In connection with the registration, a shareholder shall notify his/her name, personal identification number, address, telephone number and the name of a potential assistant or proxy representative and the personal identification number of the proxy representative. In case the shareholder chooses to register online, he/she shall provide the identification information required by the service.

The personal data given to Kamux Corporation will be used only in connection with the Annual General Meeting and with the processing of related registrations.

The shareholder, his/her authorized representative or proxy representative shall, where necessary, be able to prove his/her identity and/or right of representation.

2. Holders of nominee registered shares

A holder of nominee registered shares has the right to participate in the Annual General Meeting by virtue of such shares, based on which he/she on 7 April 2020, would be entitled to be registered in the shareholders' register of the Company held by Euroclear Finland Ltd. The right to participate in the General Meeting requires, in addition, that the shareholder on the basis of such shares has been registered into the temporary shareholders' register held by Euroclear Finland Ltd at the latest by 10:00 a.m. on 16 April 2020. As regards nominee registered shares, this constitutes due registration for the Annual General Meeting.

A holder of nominee registered shares is advised to request without delay necessary instructions regarding the registration in the temporary shareholder's register of the Company, the issuing of proxy documents and registration for the Annual General Meeting from his/her custodian bank. The account management organization of the custodian bank must register a holder of nominee registered shares, who wants to participate in the Annual General Meeting, into the temporary shareholders' register of the Company at the latest by 10:00 a.m. on 7 April 2020.

3. Proxy representative and powers of attorney

A shareholder may participate in the Annual General Meeting and exercise his/her rights at the meeting by way of proxy representation. A proxy representative shall produce a dated proxy document or otherwise in a reliable manner demonstrate his/her right to represent the shareholder at the Annual General Meeting. When a shareholder participates in the Annual General Meeting by means of several proxy representatives representing the shareholder with shares at different securities accounts, the shares by which each proxy representative represents the shareholder shall be identified in connection with the registration for the Annual General Meeting.

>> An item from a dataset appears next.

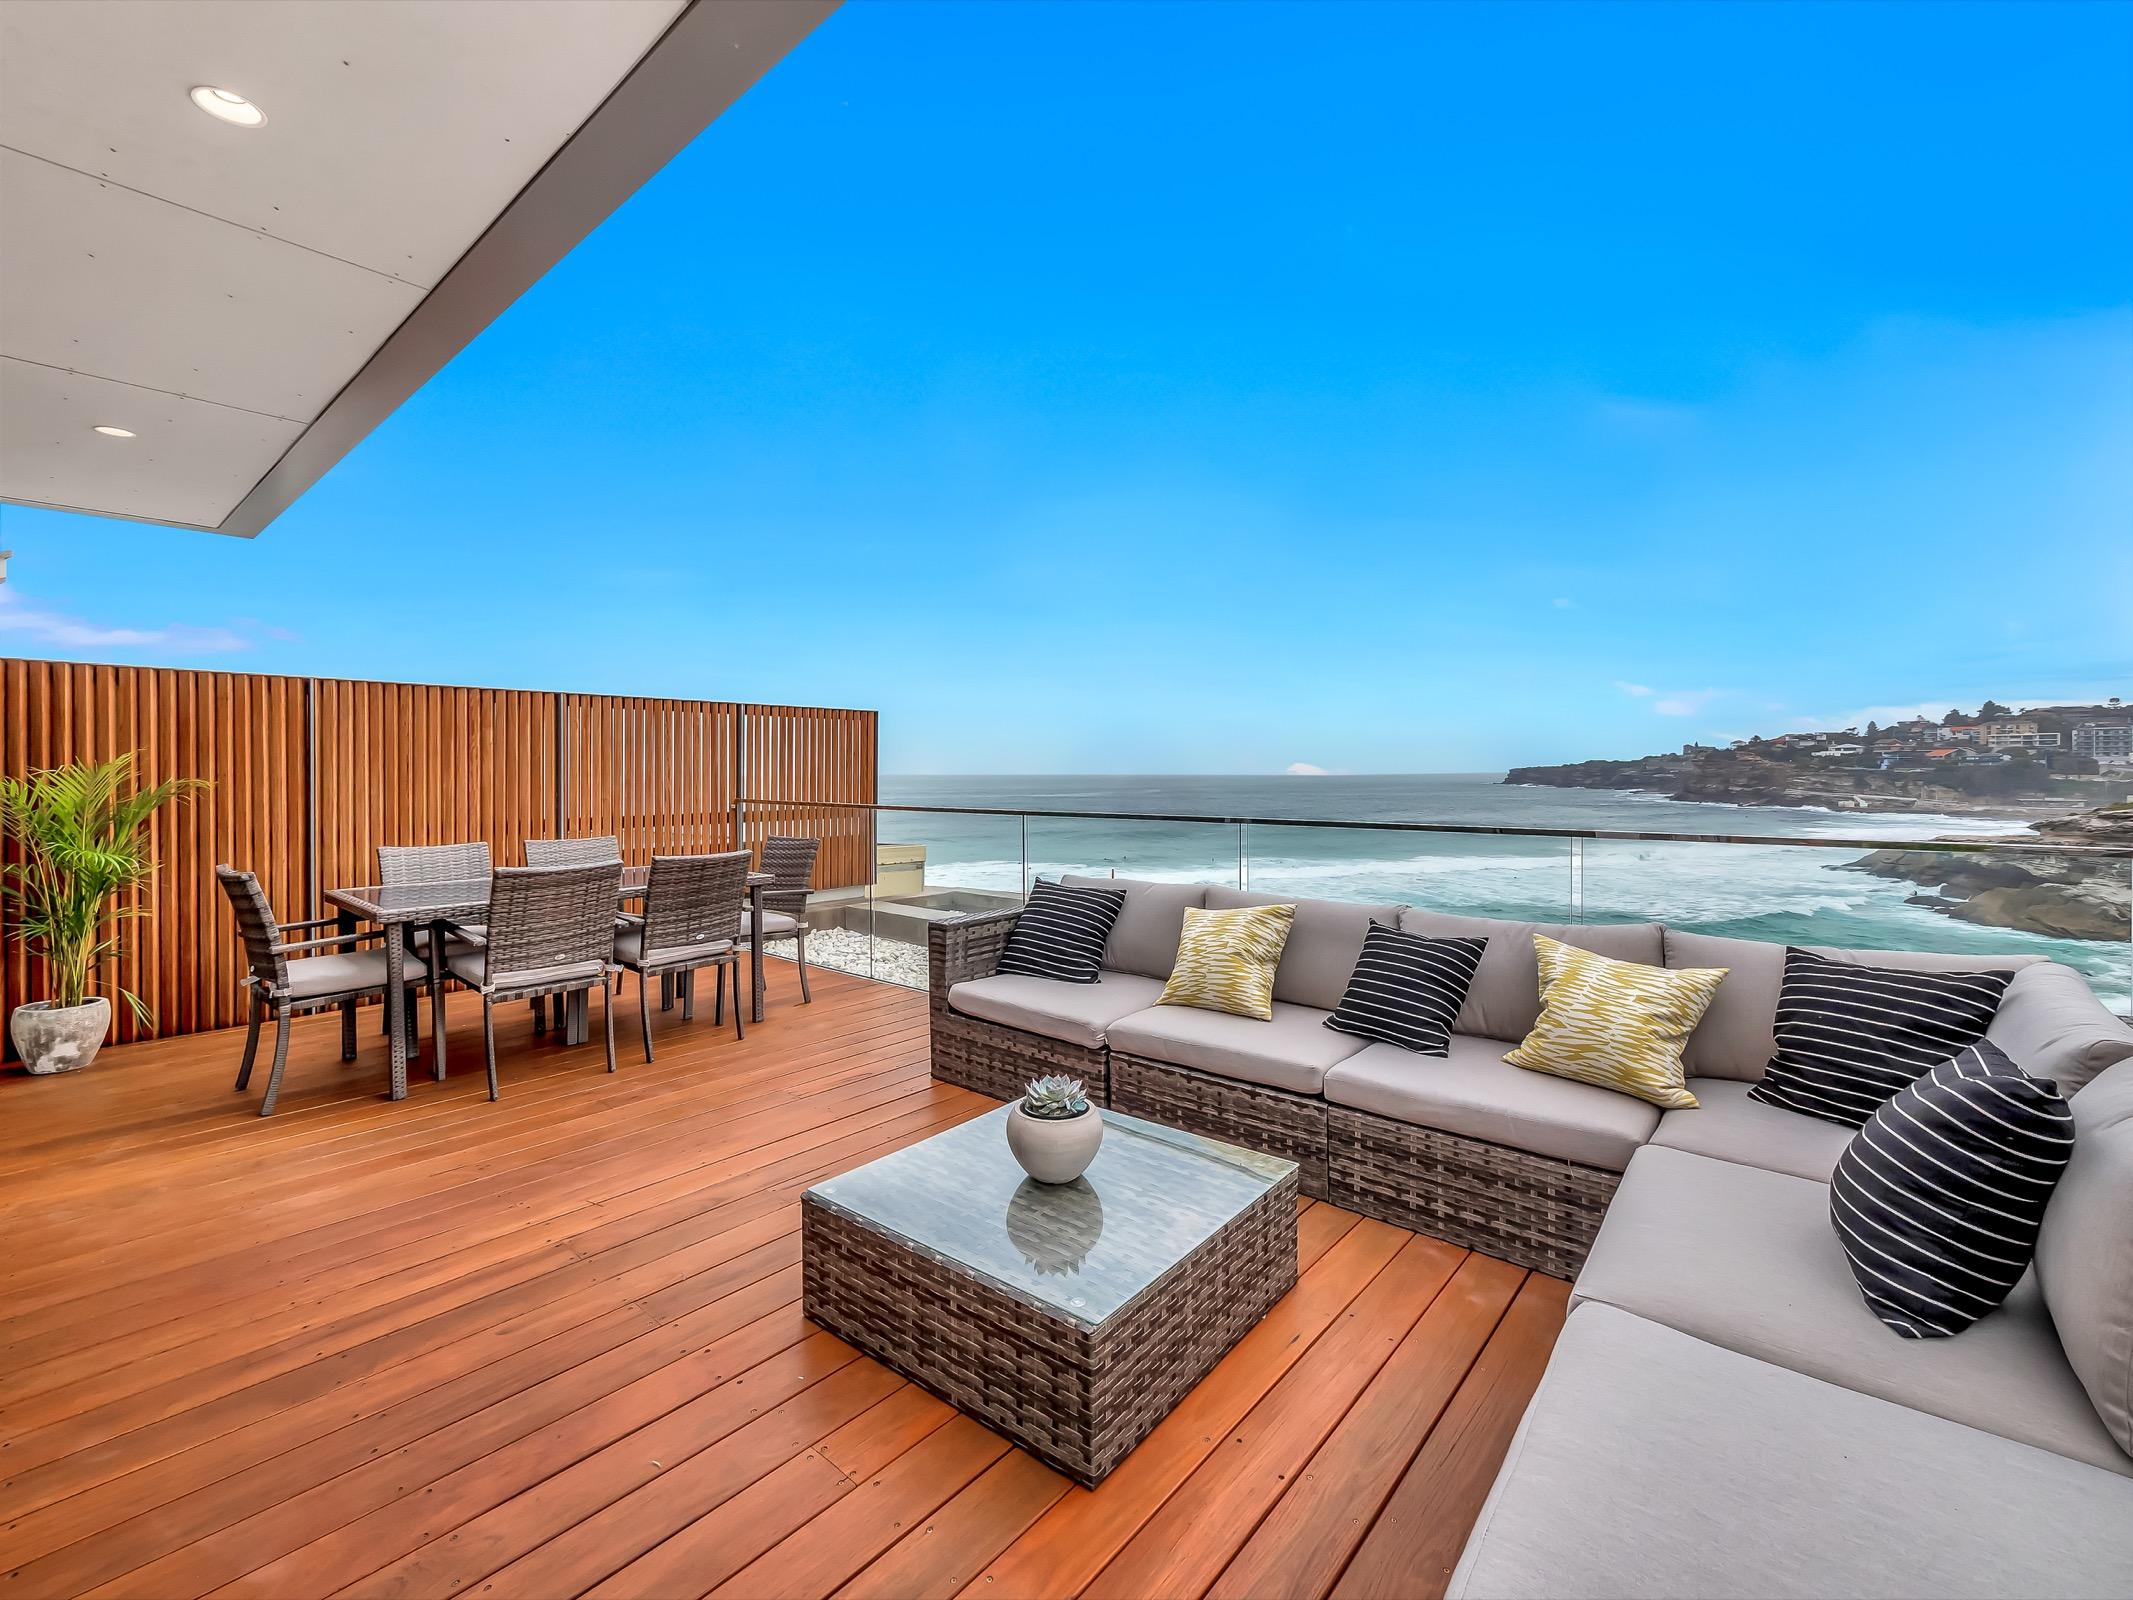 Beachfrotnt Penthouse Tamarama. Bondi Beach Holiday Homes7.jpg
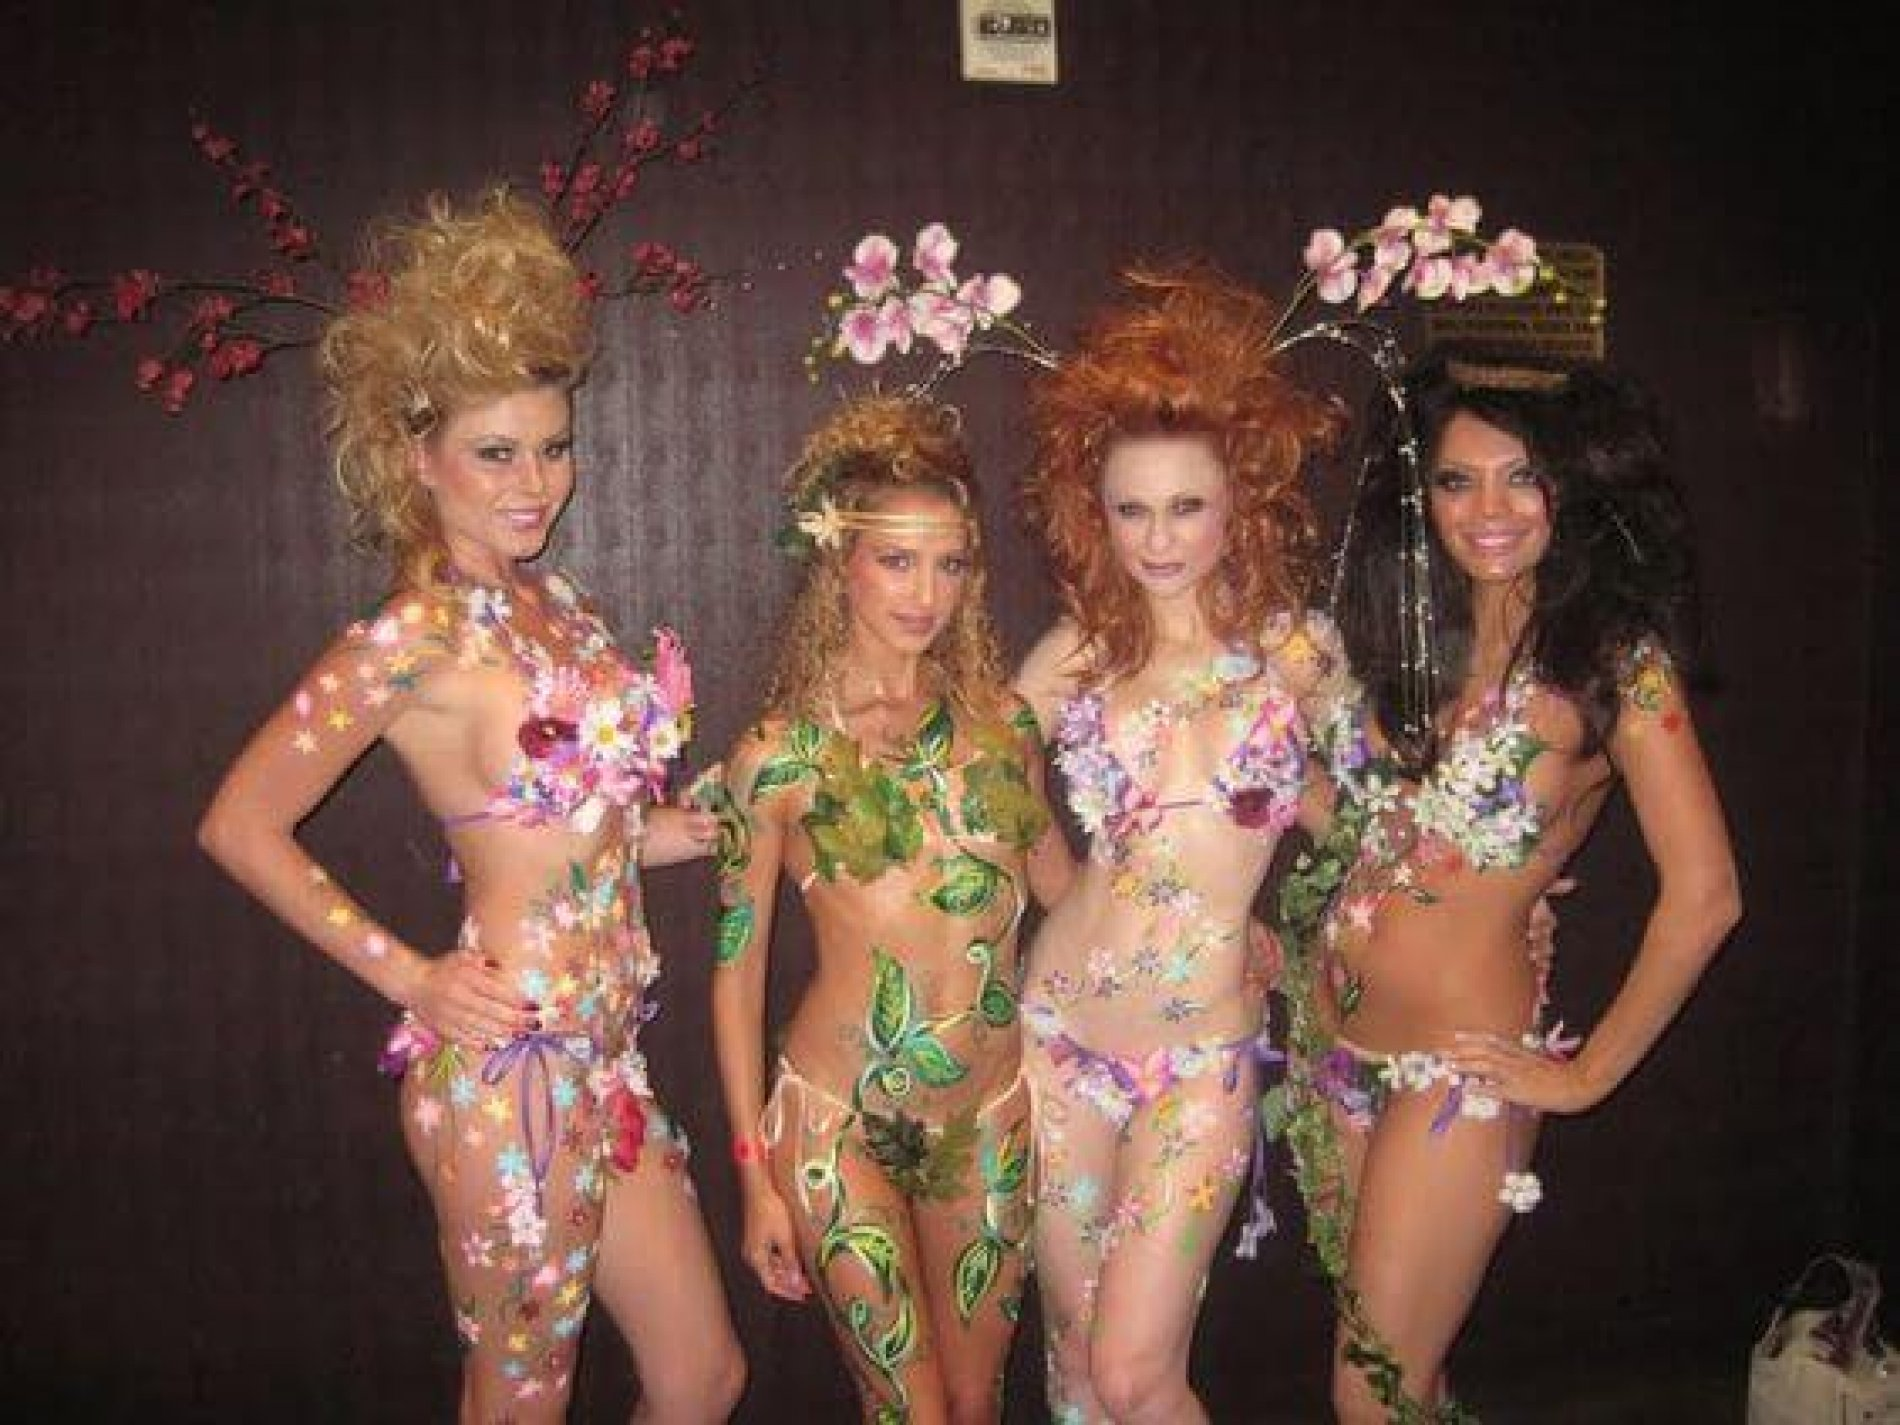 From LA to Las Vegas: A Midsummer Night's Dream 2016

Any proxy documents should be delivered in originals to Kamux Corporation, AGM, Essi Suomalainen, Parolantie 66 A, 13130 Hämeenlinna, Finland, before the last date for registration.

4. Other instructions and information

Pursuant to chapter 5, section 25 of the Companies Act, a shareholder who is present at the General Meeting has the right to request information with respect to the matters to be considered at the meeting.

Arrival: Q-Park Iso Erottaja is located under Klaus K hotel and from the parking hall there is direct connection to the main entrance of the hotel.

On the date of this notice to the Annual General Meeting, 16 March 2020, the total number of shares and votes in Kamux Corporation is 40,017,420 shares and votes. On the date of this notice the Company holds 2,323 own shares is its possession.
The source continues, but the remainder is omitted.